Exercise data:

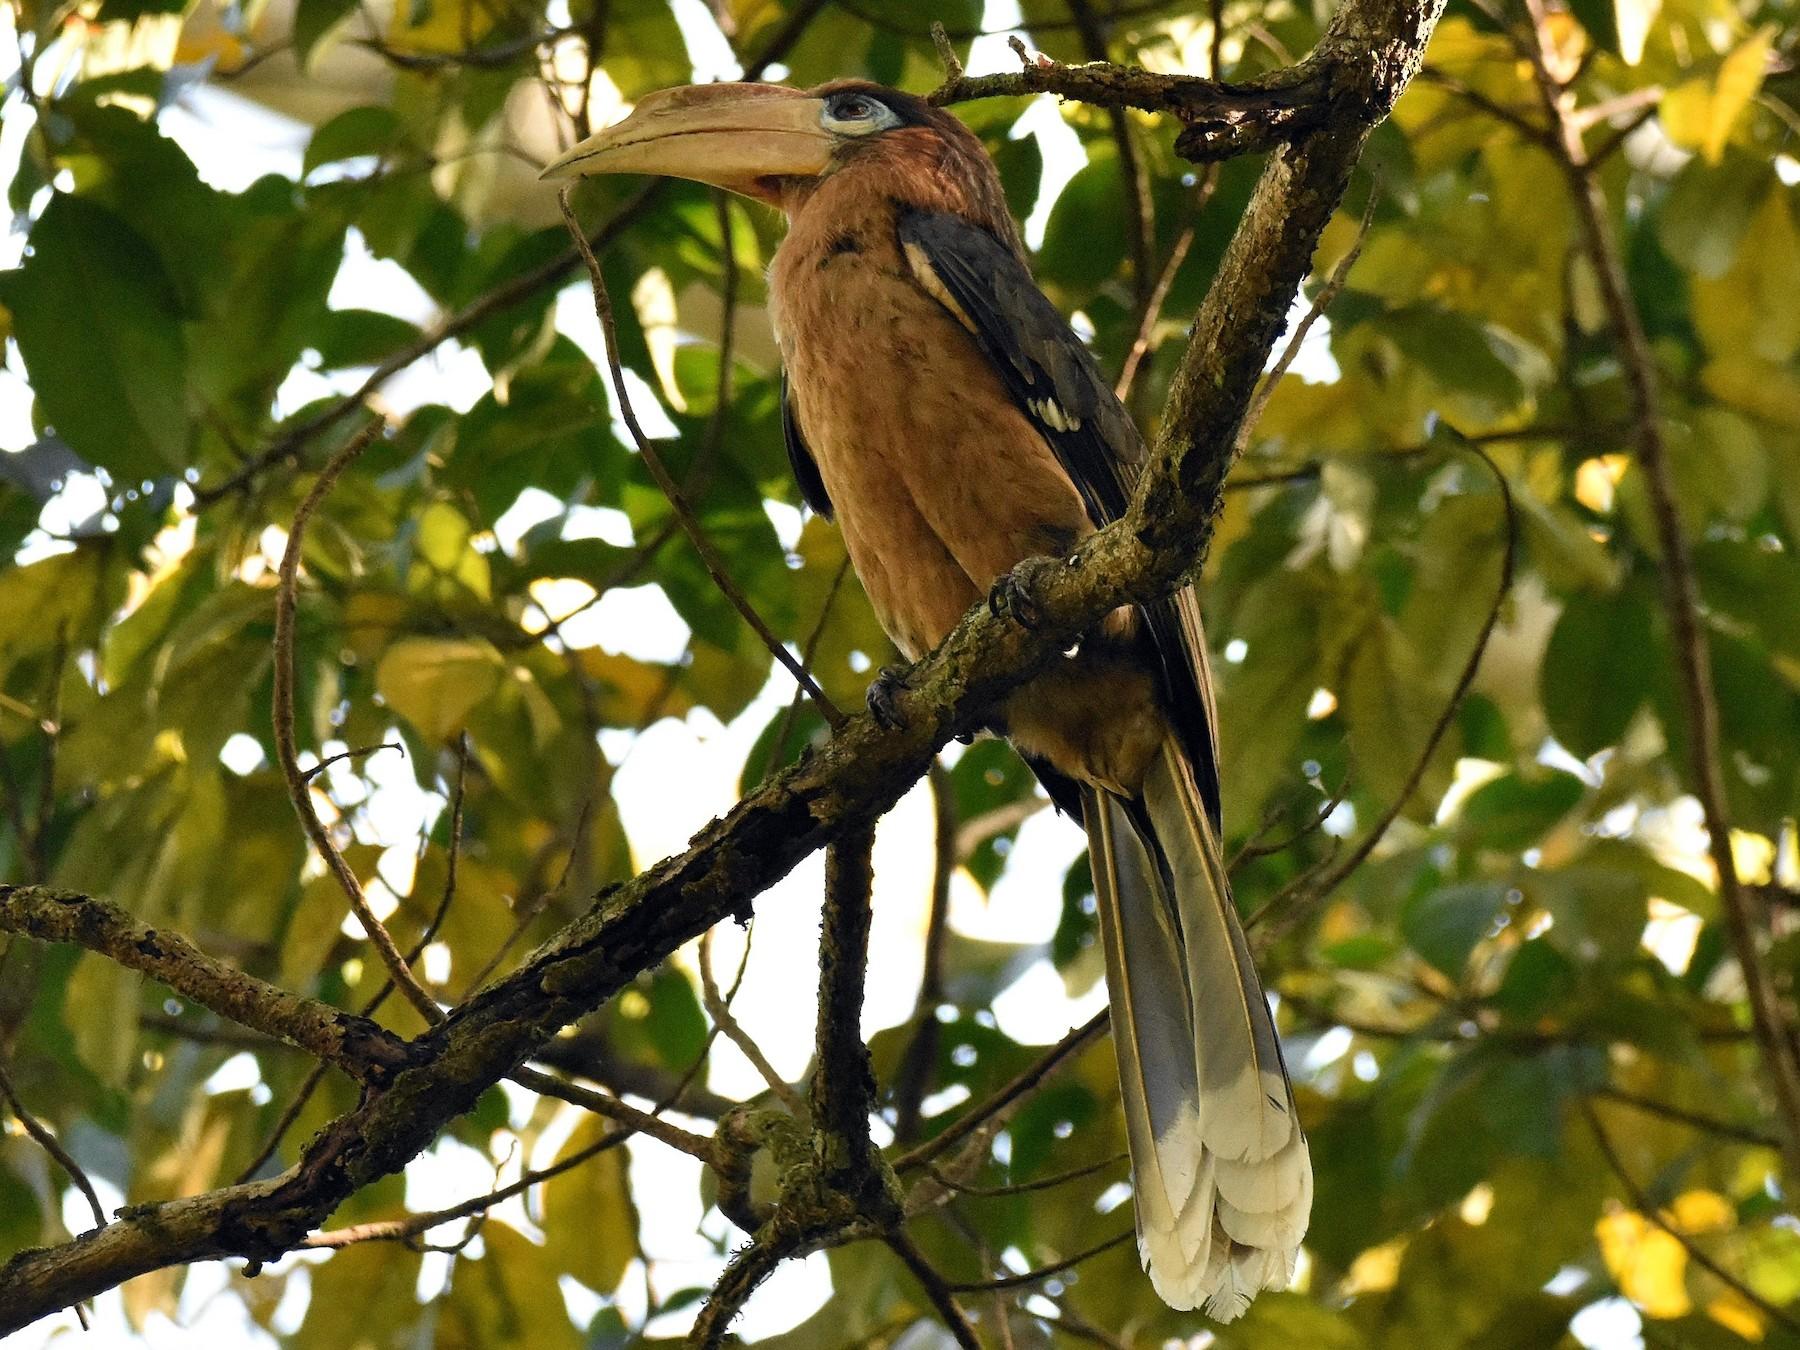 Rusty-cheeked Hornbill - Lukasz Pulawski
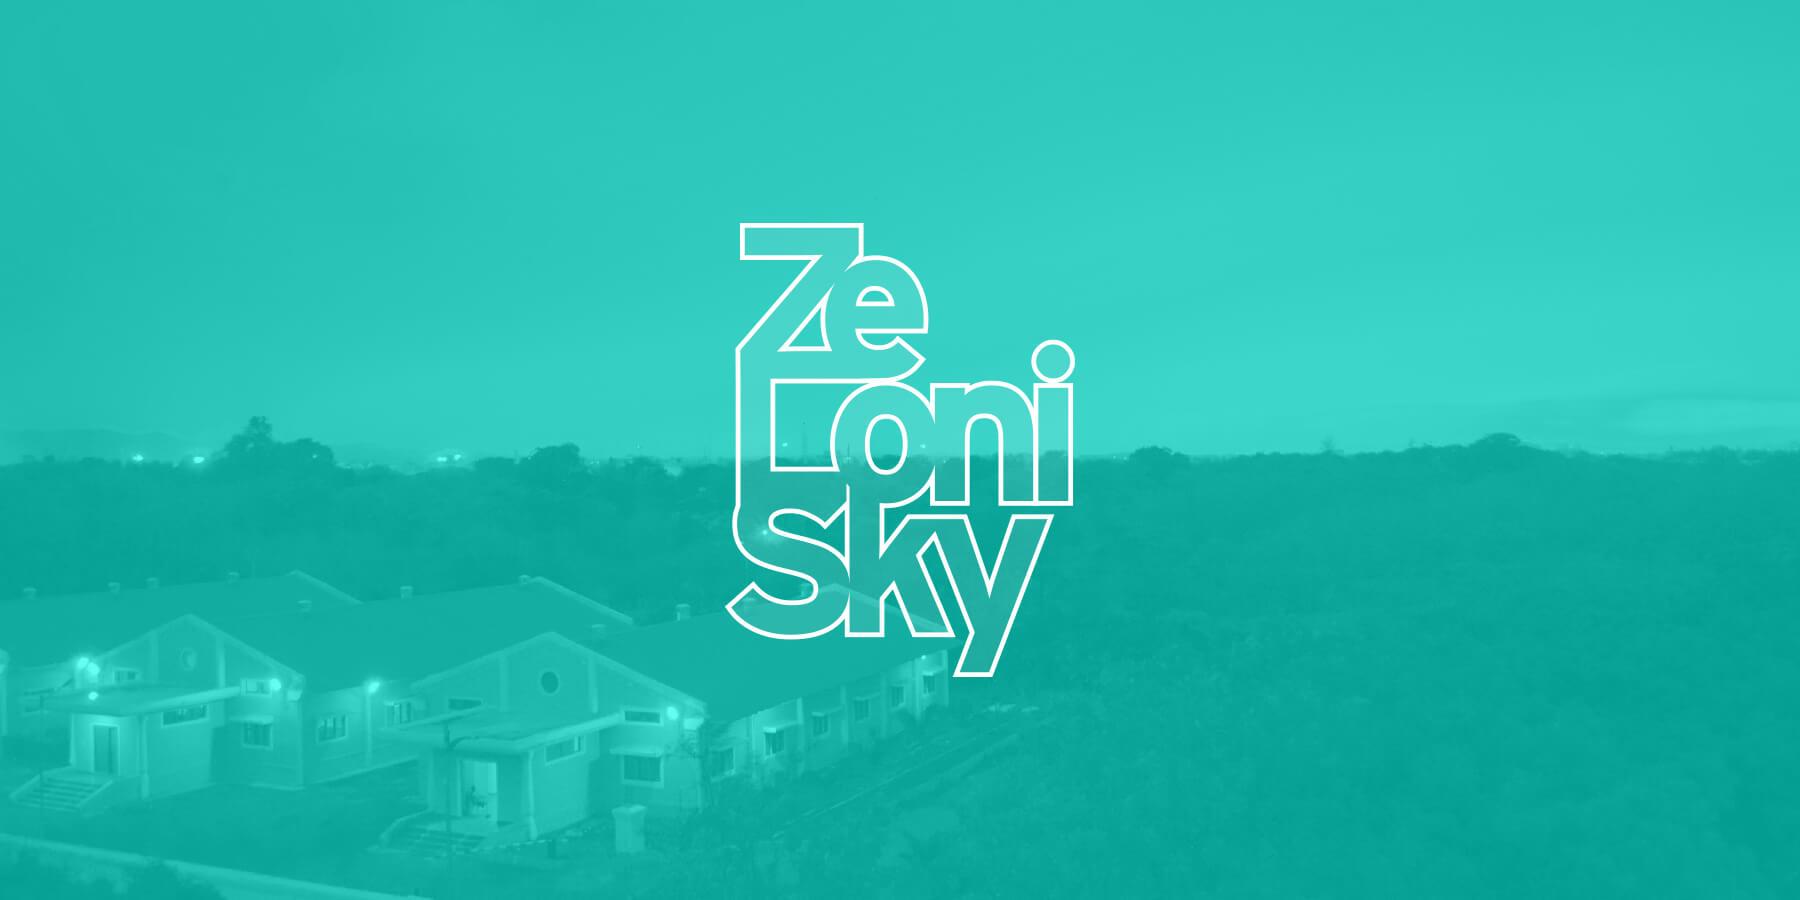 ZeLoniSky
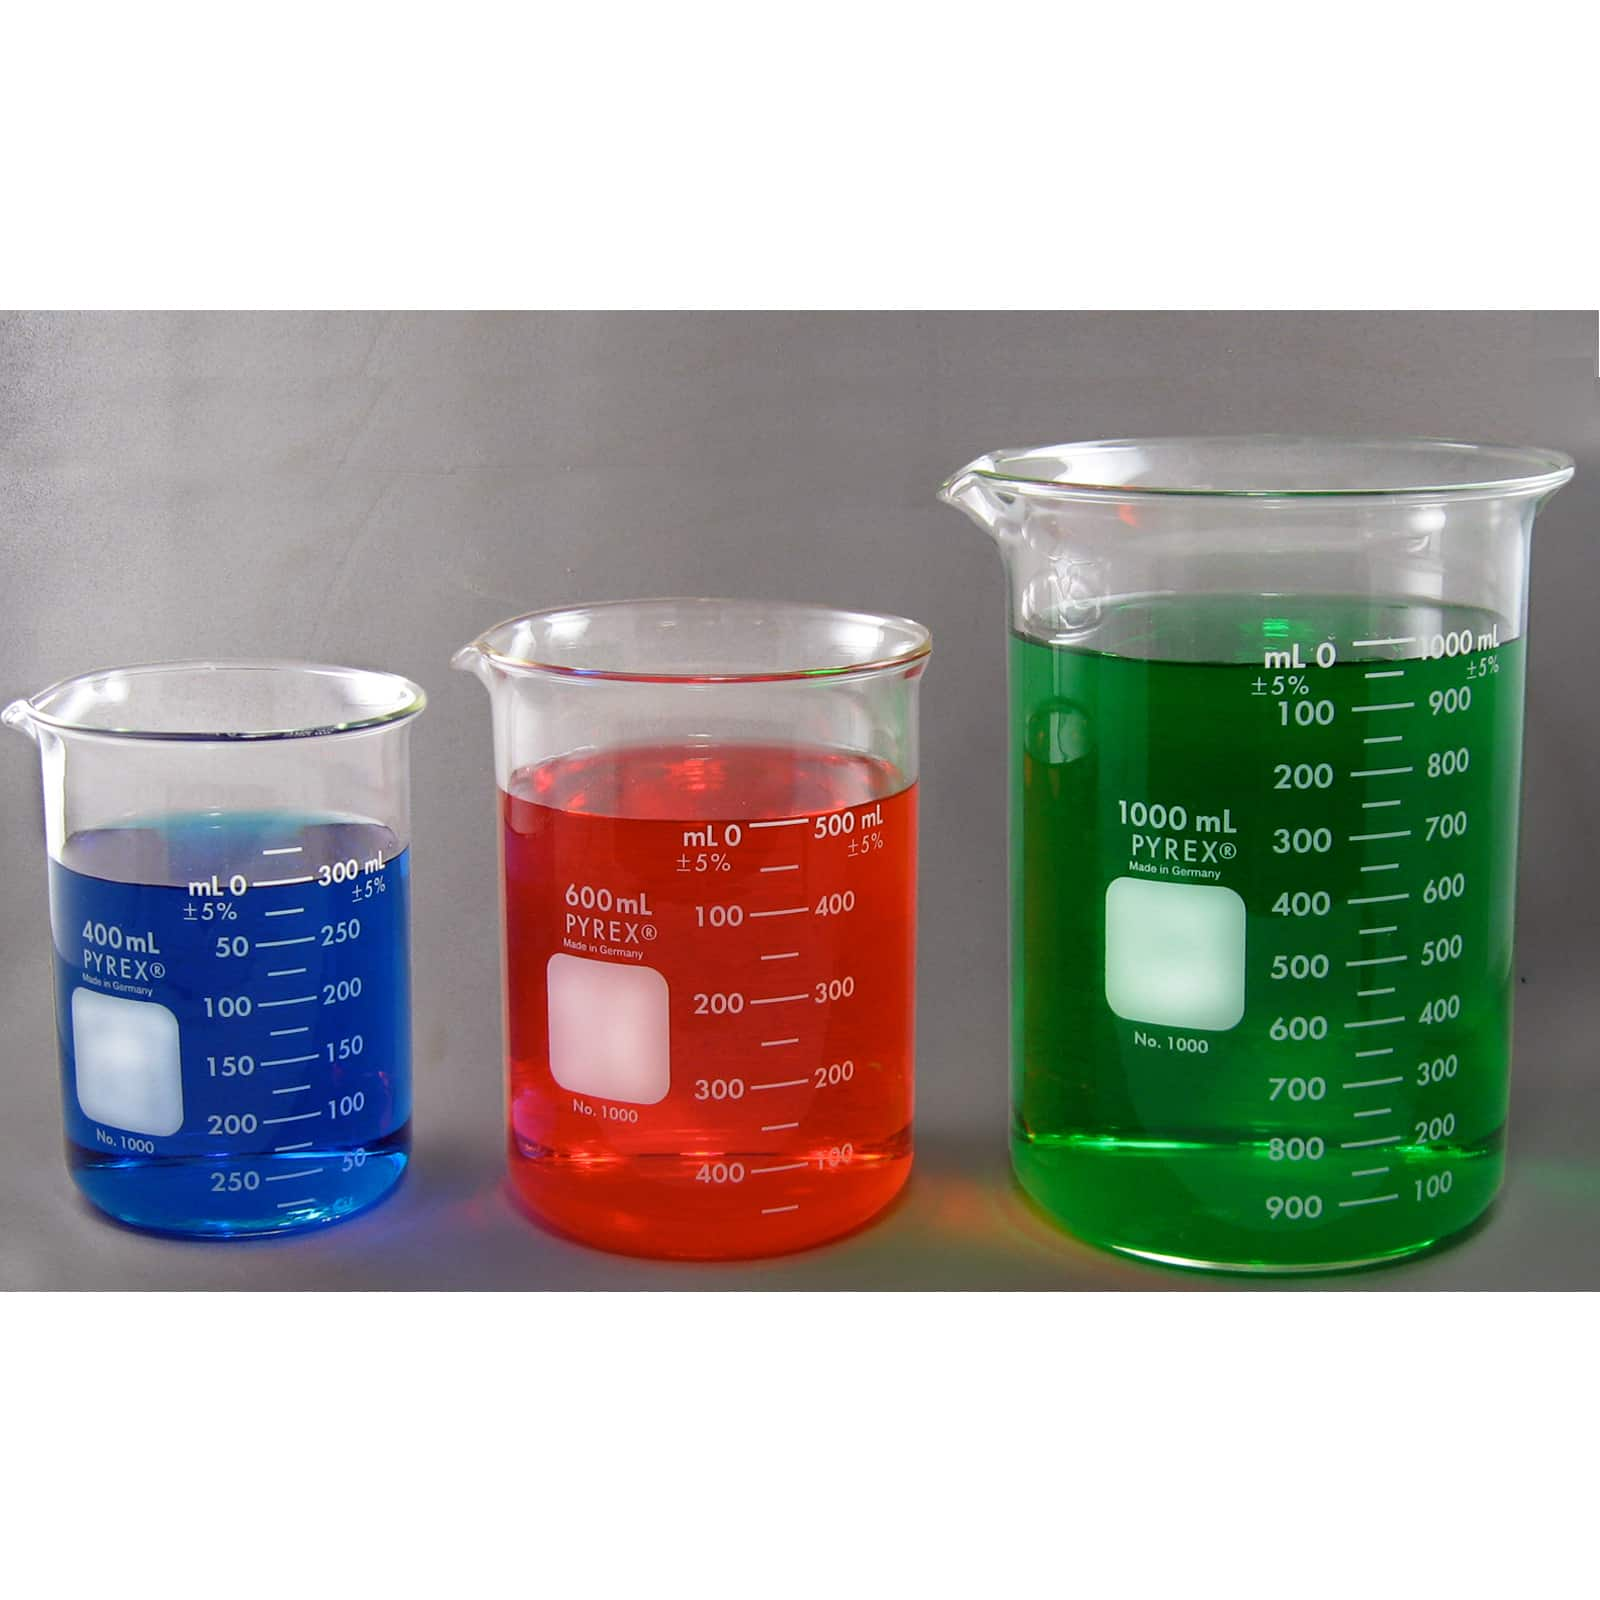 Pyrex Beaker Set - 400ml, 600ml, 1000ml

What is being asked:
Once the images are removed, print the remaining data exactly as it appears above.

Answer space:
 Rusty-cheeked Hornbill - Lukasz Pulawski
 ZeLoniSky
 Pyrex Beaker Set - 400ml, 600ml, 1000ml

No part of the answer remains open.